→ **What you will do**
Only the final stretch of the data is wanted: reproduce the line containing "riomaggiore is a" and each line after it, exactly.

Extracted records:
*** Block opens ***
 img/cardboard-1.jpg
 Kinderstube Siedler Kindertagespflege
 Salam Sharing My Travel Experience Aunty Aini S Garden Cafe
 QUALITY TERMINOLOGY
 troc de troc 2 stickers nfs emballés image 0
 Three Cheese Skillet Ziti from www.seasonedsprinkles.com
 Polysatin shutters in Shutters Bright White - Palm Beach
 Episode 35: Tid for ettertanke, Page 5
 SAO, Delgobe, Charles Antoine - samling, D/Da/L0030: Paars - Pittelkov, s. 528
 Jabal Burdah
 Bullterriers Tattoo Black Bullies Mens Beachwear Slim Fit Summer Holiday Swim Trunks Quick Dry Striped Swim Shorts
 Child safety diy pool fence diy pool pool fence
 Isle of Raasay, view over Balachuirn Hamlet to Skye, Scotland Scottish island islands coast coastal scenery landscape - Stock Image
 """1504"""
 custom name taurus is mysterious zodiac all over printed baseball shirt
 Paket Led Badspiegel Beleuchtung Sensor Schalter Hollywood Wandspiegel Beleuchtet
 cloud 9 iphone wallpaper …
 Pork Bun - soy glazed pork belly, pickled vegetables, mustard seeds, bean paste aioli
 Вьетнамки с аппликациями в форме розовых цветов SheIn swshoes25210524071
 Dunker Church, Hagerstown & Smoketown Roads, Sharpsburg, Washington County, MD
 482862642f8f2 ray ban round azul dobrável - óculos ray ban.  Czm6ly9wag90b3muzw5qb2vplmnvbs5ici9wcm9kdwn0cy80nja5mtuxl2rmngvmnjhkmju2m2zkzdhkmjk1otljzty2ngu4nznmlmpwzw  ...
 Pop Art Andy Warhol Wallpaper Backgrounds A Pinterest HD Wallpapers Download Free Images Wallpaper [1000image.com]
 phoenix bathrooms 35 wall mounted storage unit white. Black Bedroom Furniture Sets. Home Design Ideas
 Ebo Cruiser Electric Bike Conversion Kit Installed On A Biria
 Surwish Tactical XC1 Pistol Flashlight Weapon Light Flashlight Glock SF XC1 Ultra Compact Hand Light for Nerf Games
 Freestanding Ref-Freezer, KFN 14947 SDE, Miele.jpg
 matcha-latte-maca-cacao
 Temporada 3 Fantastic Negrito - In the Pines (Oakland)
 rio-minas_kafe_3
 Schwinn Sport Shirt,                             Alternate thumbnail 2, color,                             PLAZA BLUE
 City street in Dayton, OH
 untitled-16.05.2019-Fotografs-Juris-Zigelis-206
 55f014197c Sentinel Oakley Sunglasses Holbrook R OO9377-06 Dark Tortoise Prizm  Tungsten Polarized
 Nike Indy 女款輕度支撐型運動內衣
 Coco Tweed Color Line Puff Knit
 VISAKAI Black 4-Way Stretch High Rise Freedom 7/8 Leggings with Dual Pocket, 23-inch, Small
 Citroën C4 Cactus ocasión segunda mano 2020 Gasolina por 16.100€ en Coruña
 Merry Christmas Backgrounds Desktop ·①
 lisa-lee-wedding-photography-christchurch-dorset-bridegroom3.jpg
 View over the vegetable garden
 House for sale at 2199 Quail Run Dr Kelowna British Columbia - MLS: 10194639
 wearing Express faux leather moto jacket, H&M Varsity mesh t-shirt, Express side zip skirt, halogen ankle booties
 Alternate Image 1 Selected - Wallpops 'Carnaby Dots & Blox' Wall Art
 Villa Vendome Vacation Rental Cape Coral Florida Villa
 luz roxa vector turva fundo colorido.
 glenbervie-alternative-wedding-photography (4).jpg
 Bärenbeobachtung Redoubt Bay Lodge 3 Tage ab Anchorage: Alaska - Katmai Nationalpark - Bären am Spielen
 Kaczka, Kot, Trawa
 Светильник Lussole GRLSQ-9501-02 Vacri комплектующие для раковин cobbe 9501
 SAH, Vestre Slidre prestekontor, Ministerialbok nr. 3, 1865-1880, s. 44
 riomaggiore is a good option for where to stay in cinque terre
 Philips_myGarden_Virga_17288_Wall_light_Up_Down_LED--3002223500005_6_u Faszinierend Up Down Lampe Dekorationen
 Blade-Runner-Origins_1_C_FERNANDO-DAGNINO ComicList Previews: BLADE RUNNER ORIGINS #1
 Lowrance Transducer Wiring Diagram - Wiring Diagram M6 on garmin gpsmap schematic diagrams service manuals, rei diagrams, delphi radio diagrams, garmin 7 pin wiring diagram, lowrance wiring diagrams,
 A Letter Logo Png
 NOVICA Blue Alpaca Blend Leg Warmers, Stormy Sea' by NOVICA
*** Block closes ***
→ **Solution below**
 riomaggiore is a good option for where to stay in cinque terre
 Philips_myGarden_Virga_17288_Wall_light_Up_Down_LED--3002223500005_6_u Faszinierend Up Down Lampe Dekorationen
 Blade-Runner-Origins_1_C_FERNANDO-DAGNINO ComicList Previews: BLADE RUNNER ORIGINS #1
 Lowrance Transducer Wiring Diagram - Wiring Diagram M6 on garmin gpsmap schematic diagrams service manuals, rei diagrams, delphi radio diagrams, garmin 7 pin wiring diagram, lowrance wiring diagrams,
 A Letter Logo Png
 NOVICA Blue Alpaca Blend Leg Warmers, Stormy Sea' by NOVICA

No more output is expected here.